I am the baby of my family.  I have two older brothers, and I have a mom and dad who don't believe in "letting" you win, even if you're little and cute.  I was 32 years old before I ever beat my mom at Scrabble; I still have the score card.  For every domino game I win, either (or both) of them will soundly thrash me 3 or 4 times in return.  I have never beaten either of them at shooting pool or golf.  My mom even trash talks when she solves a Wheel of Fortune puzzle before me.  My middle brother and I were rarely allowed to play games together because eventually the game board would take flight in a fitful rage from whomever happened to be losing (typically me, I admit).  And many a Nintendo controller narrowly avoided my wrath.

I hate losing more than I like winning, but, sweet baby Jesus, I do love to win.

Coaching junior high girls for 13 years taught me to temper my rage and frustration (although I'm embarrassed that I did accidentally break a volleyball cart once because I kicked it so hard).  I understand what behavior and expectation is expected and acceptable at what level; I'm a fairly humble winner and loser publicly.  But even my best behavior cannot quench my thirst to just make somebody else pay for their self-righteousness.

As the baby girl in a highly competitive family, I was desperate to be old enough or cool enough to be as good as my brothers and their friends.  I tend to have a chip on my shoulder when it comes to "boys only" activities and clubs, and I feel a deep need to impress if not out-perform or outsmart the competition.  So, today, when I was invited to play in my school's fantasy football league, I accepted the challenge without much hesitation.

And it will be a challenge, for sure, because I know ZERO about Fantasy Football.  In fact, I usually think it's kind of dumb.  But I'm not about to be left out for simple facts such as being a girl (or being clueless), so tomorrow afternoon, I'm going for it.  I've consulted a few of my Twitter experts and done a little studying up.  I think I've got the basic plan formed.

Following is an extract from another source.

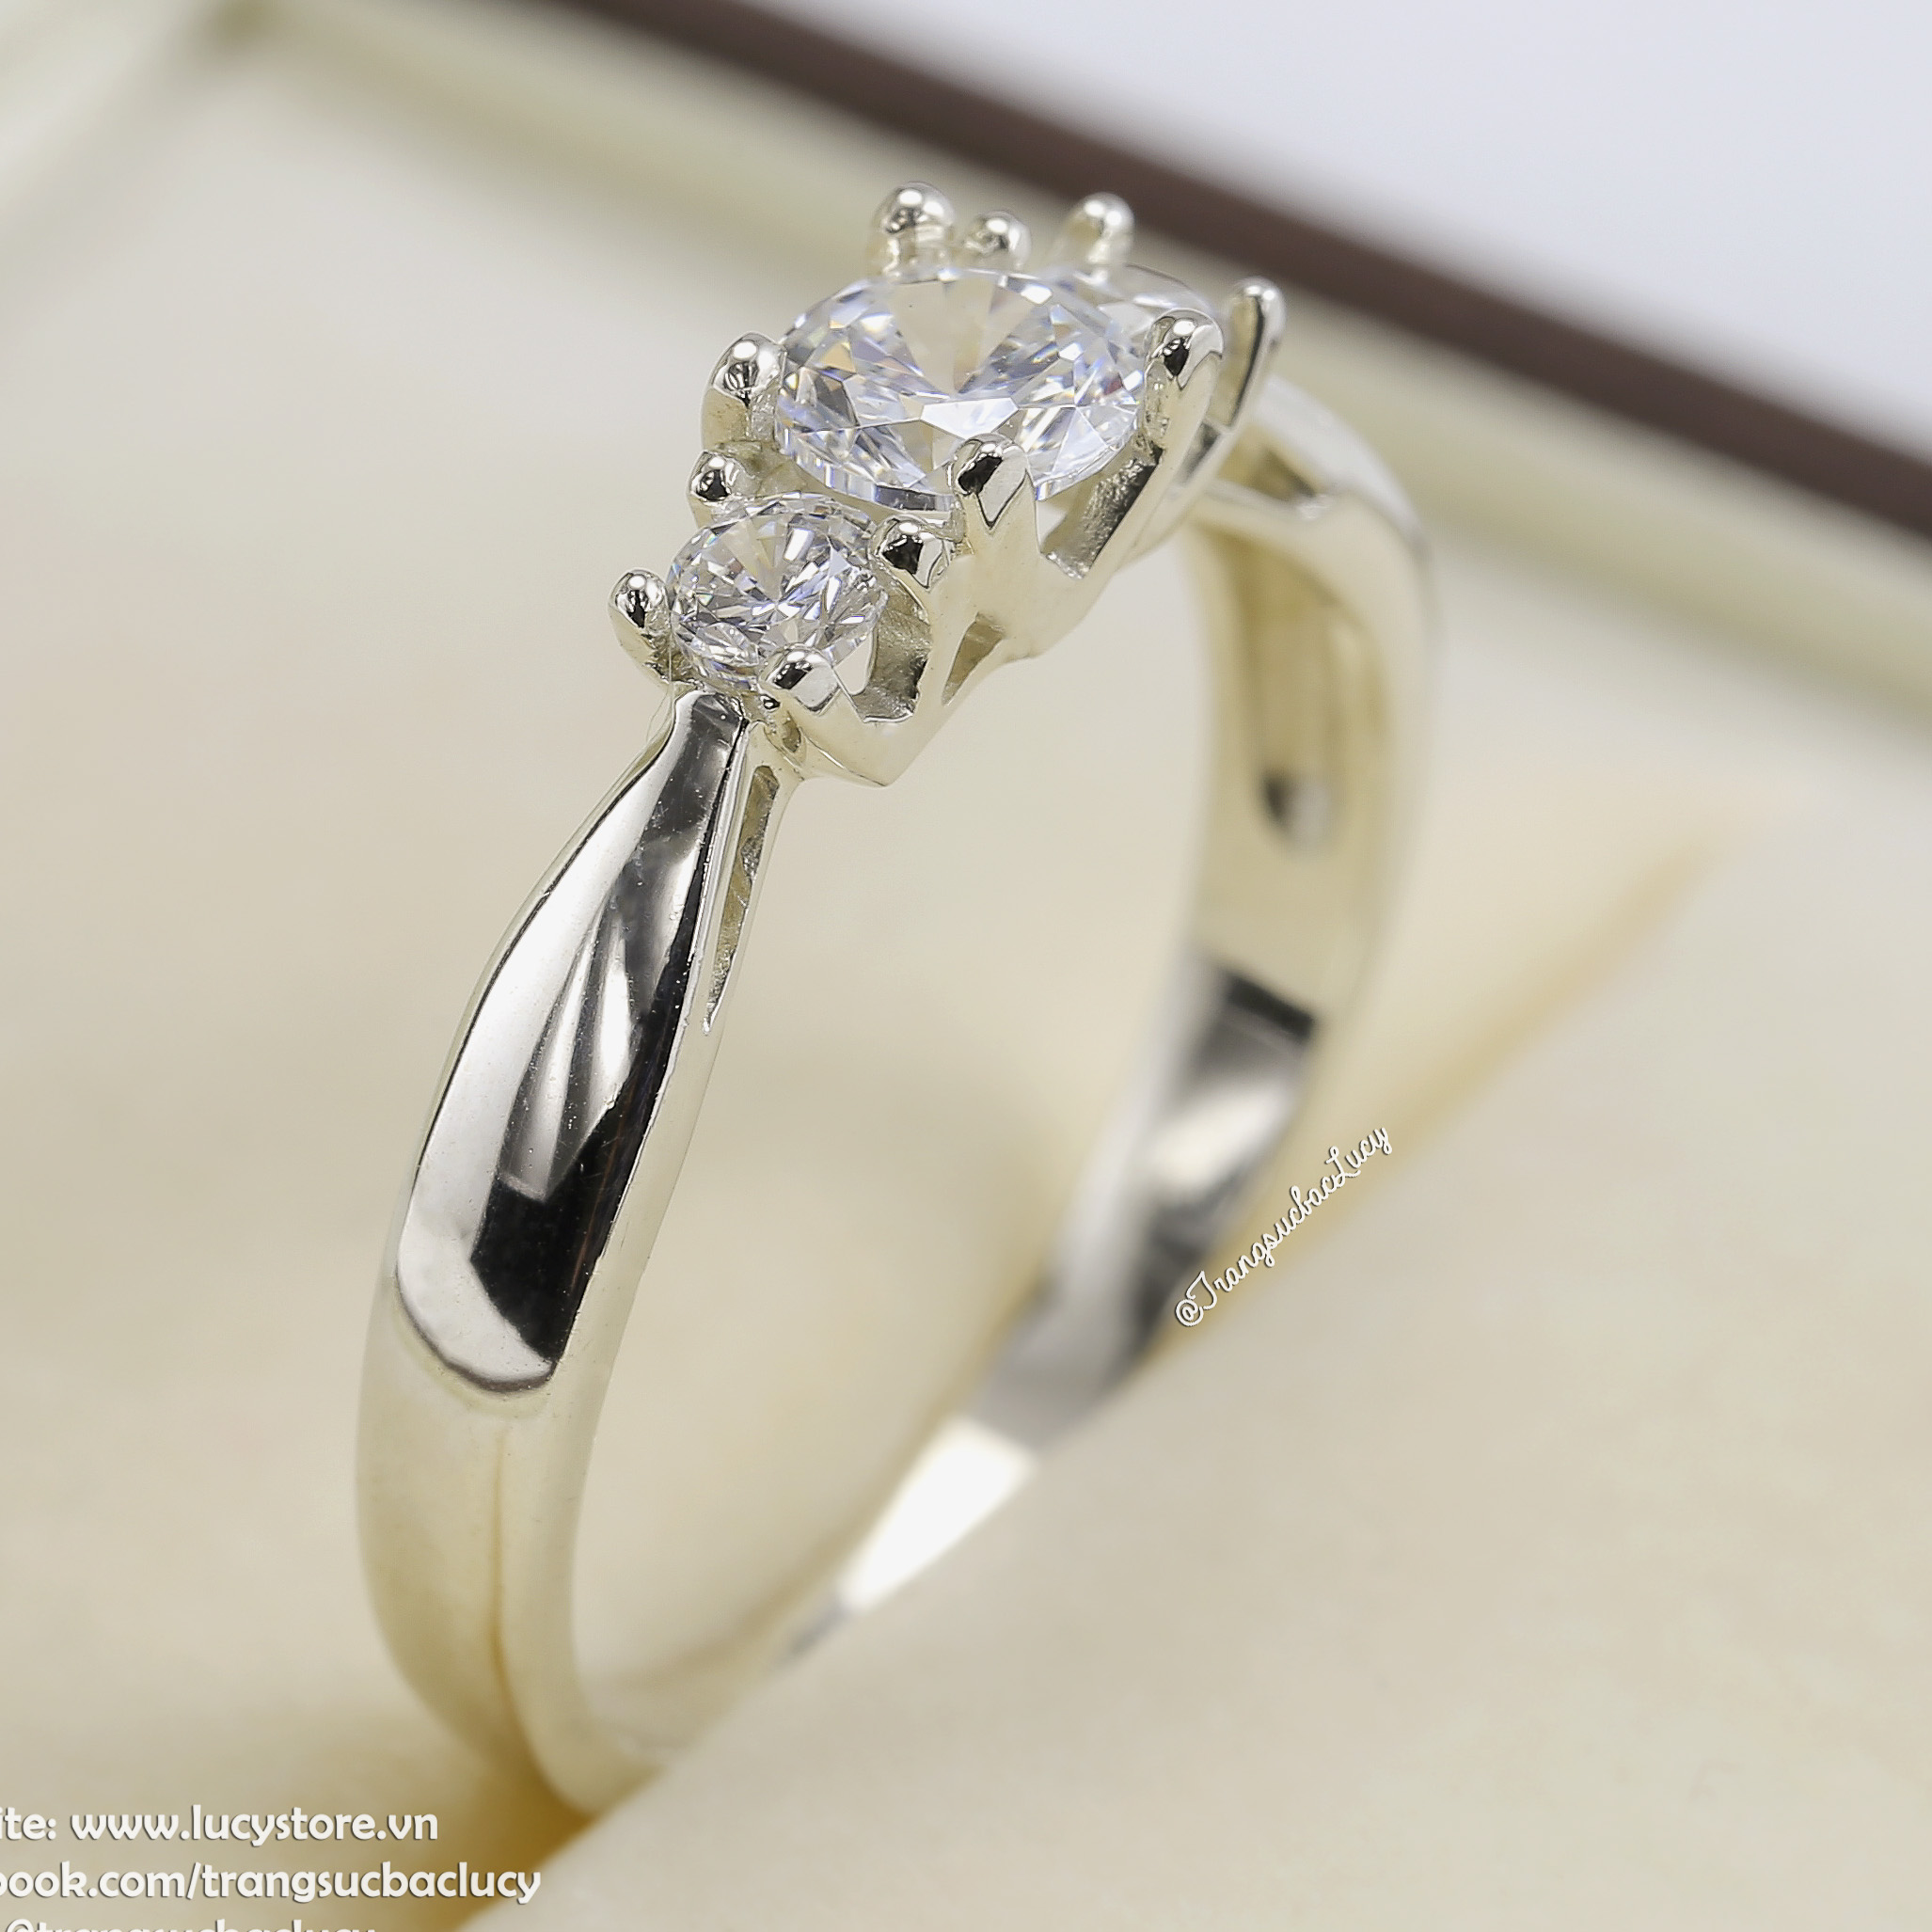 Nhẫn bạc nữ đẹp - RW193

In my head, I'm viewing it as my own personal Title IX test case.  I'm about to roundhouse kick down the fantasy sports gender barrier, people.  This is the trophy I rescued from the garbage pile at school today.  I think it's an omen.


In truth, the guys I'm playing with are actually really nice guys who will talk noise and test me but still love me no matter how terrible I am at it.  There's only a couple that I'd really take delight in beating.  They're kind of like my work brothers, though, and historically, that spells trouble.

Hold onto your game boards and volleyball carts, friends.